3.	Shares Subject to the Plan

(a)	The maximum number of Class A Shares which may be issued pursuant to 
Awards granted under the Plan and awards or options granted under another 
plan or program of the Company shall be 1,850,000 shares, except for 
adjustments as provided in Section 15 of this Plan.  Such shares shall be 
made available from authorized and unissued shares or shares held by the 
Company in its treasury.

(The Plan as approved by the shareholders of the Company on May 29, 1996, 
provided for a maximum of 1,224,421 Class A Shares.  On July 16, 1996, the 
Committee and the Board approved amendments to the Plan including an 
increase in the maximum number of Class A Shares to 1,850,000 which amendment 
has been approved by The Toronto Stock Exchange but does not become effective 
until confirmed by a resolution passed by a simple majority of the votes cast 
by the holders of the Class B voting shares of the Corporation at a meeting 
duly called for such purpose (the "shareholder approval"). 
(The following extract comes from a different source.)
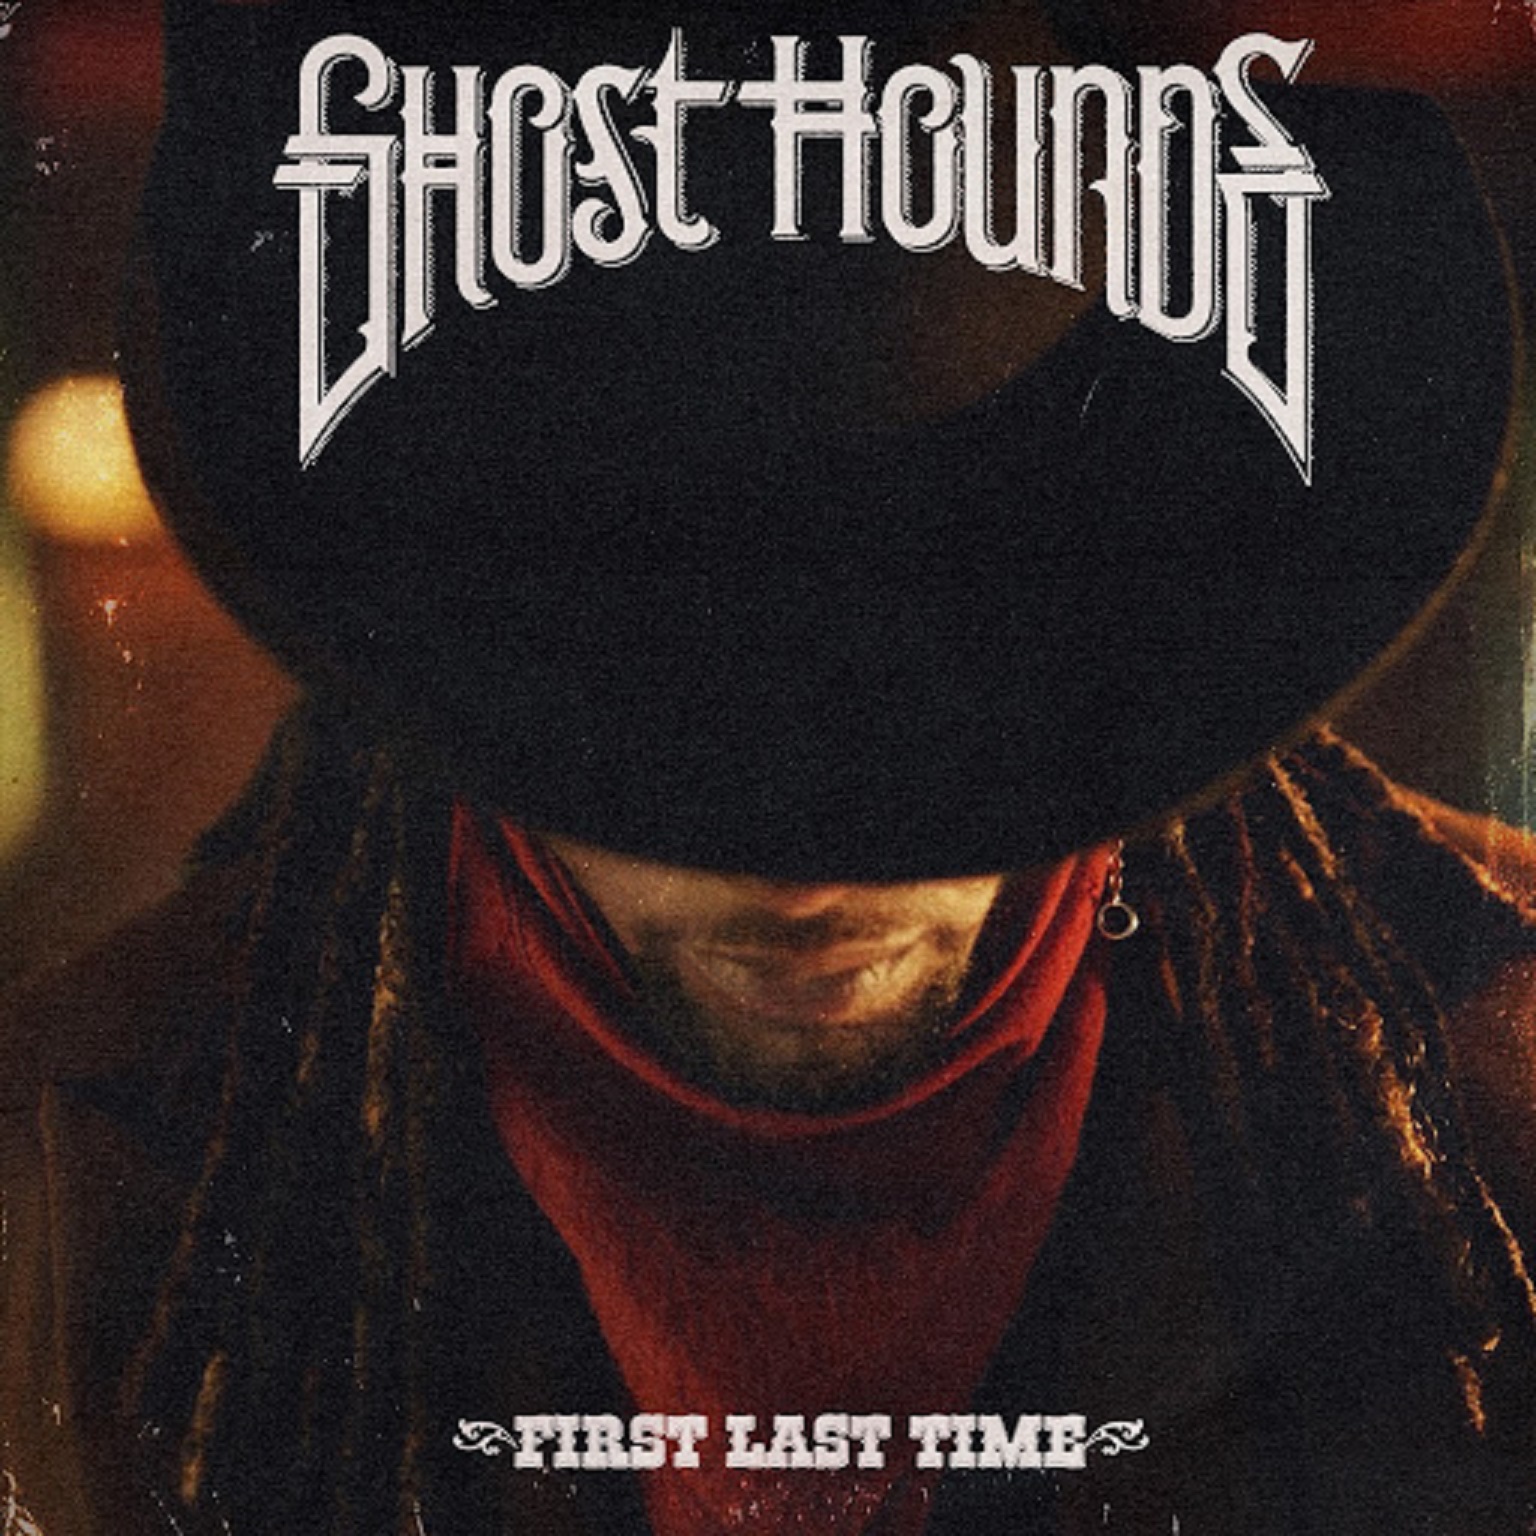 GHOST HOUNDS RELEASE NEW ALBUM VIA GIBSON RECORDS 'FIRST LAST TIME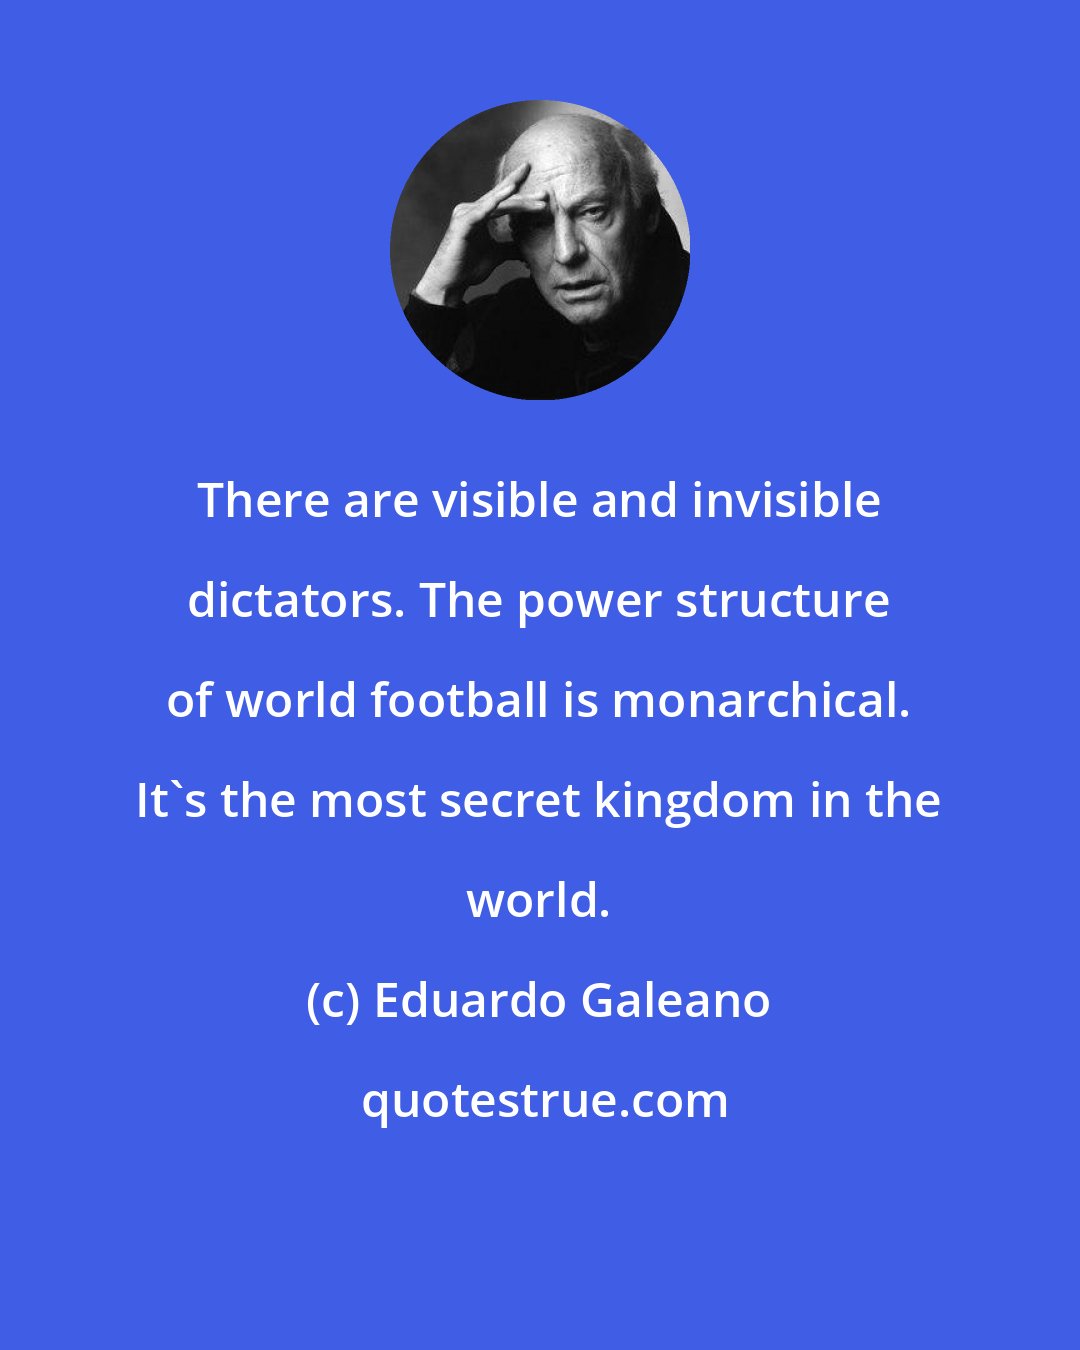 Eduardo Galeano: There are visible and invisible dictators. The power structure of world football is monarchical. It's the most secret kingdom in the world.

(b)	The maximum number of Class A Shares which may be issuable in any one 
year period under the Plan or under another Plan or program of the Company to 
Insiders as a group may not exceed 10% of the issued Class A Shares and 
Class B voting shares of the Company or to any one Insider may not exceed 5% 
of the issued Class A Shares and Class B voting shares.  For the purposes 
hereof "Insider" means:

(i)	every director or senior officer of the Company,

(ii)	every director or senior officer of a company that is itself an insider 
of the Company,

(iii)	any person or company who beneficially owns, directly or indirectly, 
voting securities of the Company or who exercises control or direction over 
voting securities of the Company or a combination of both carrying more than 
10 per cent of the voting rights attached to all voting securities of the 
Company for the time being outstanding other than voting securities held by 
the person or company as underwriter in the course of a distribution.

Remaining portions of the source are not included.